### Goal of the exercise
Every line of the records below from the line with "Lucy liu sex" up to and including the line with "casa coracini | sala de estar e jantar" must be reproduced exactly, and no line outside that range.

### Supplied entries
● ● ● ● ●

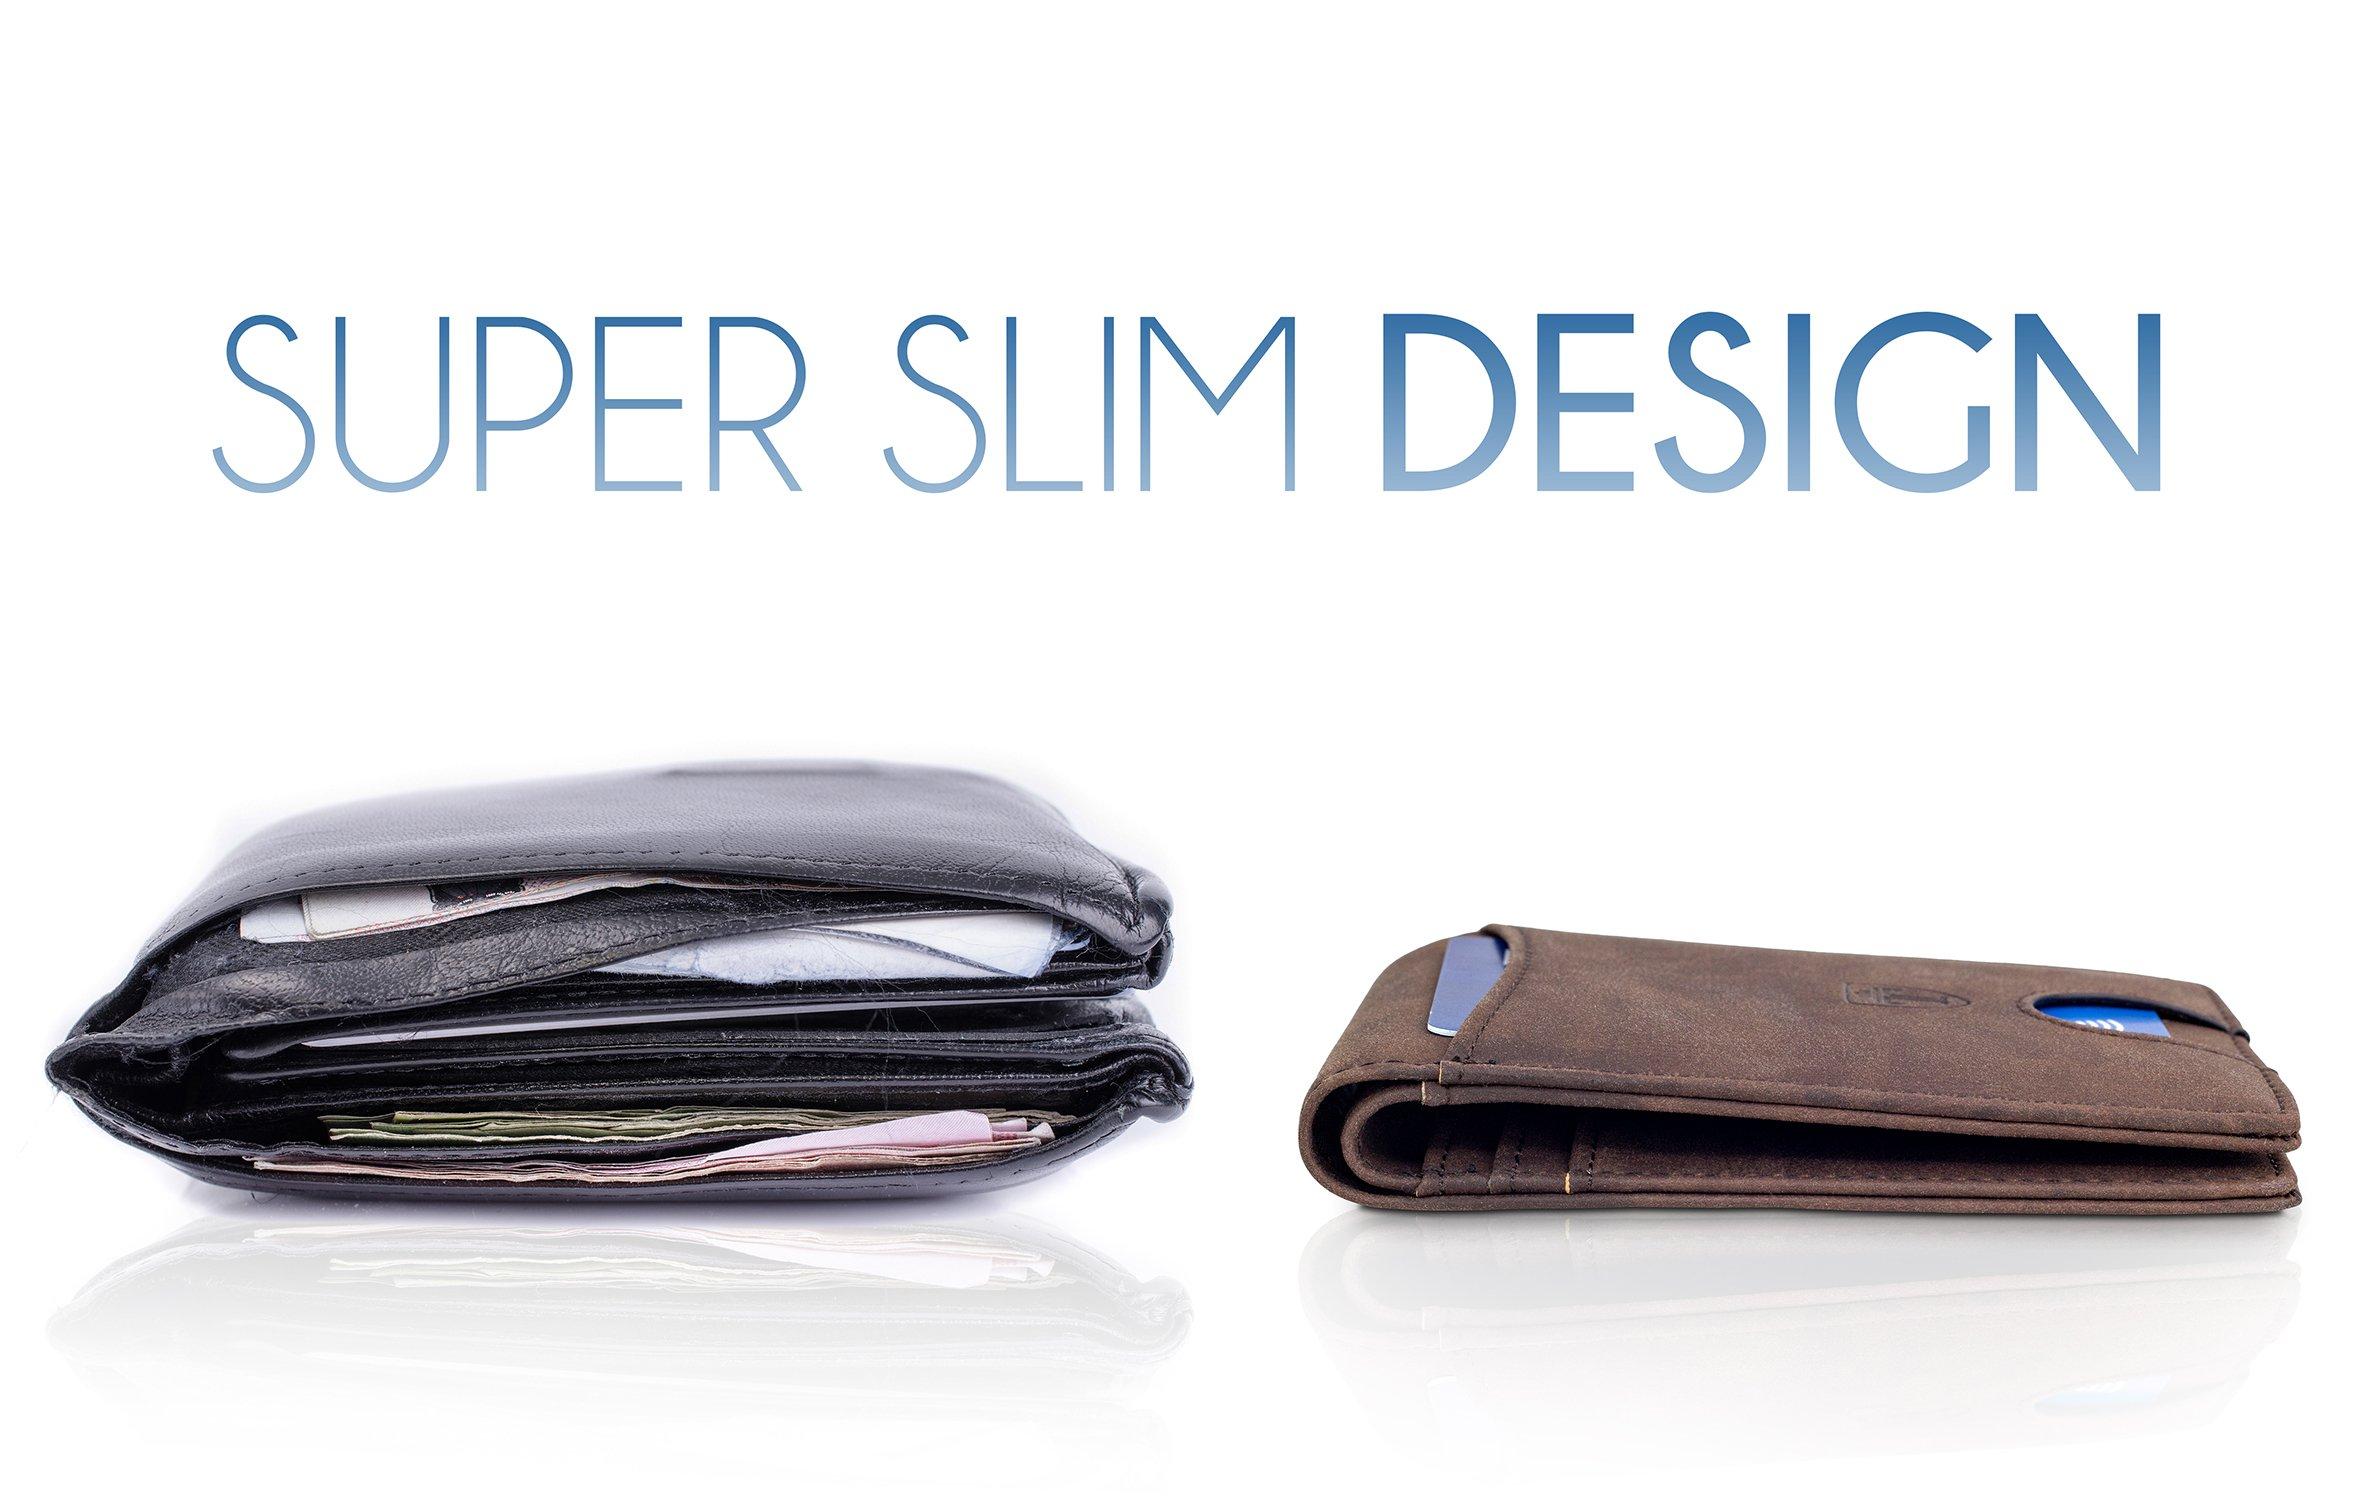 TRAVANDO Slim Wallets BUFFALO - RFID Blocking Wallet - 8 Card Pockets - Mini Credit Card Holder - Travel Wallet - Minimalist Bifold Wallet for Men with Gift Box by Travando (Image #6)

● ● ● ● ●

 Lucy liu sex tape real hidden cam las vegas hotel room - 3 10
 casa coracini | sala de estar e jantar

● ● ● ● ●

### Output of the task
 Lucy liu sex tape real hidden cam las vegas hotel room - 3 10
 casa coracini | sala de estar e jantar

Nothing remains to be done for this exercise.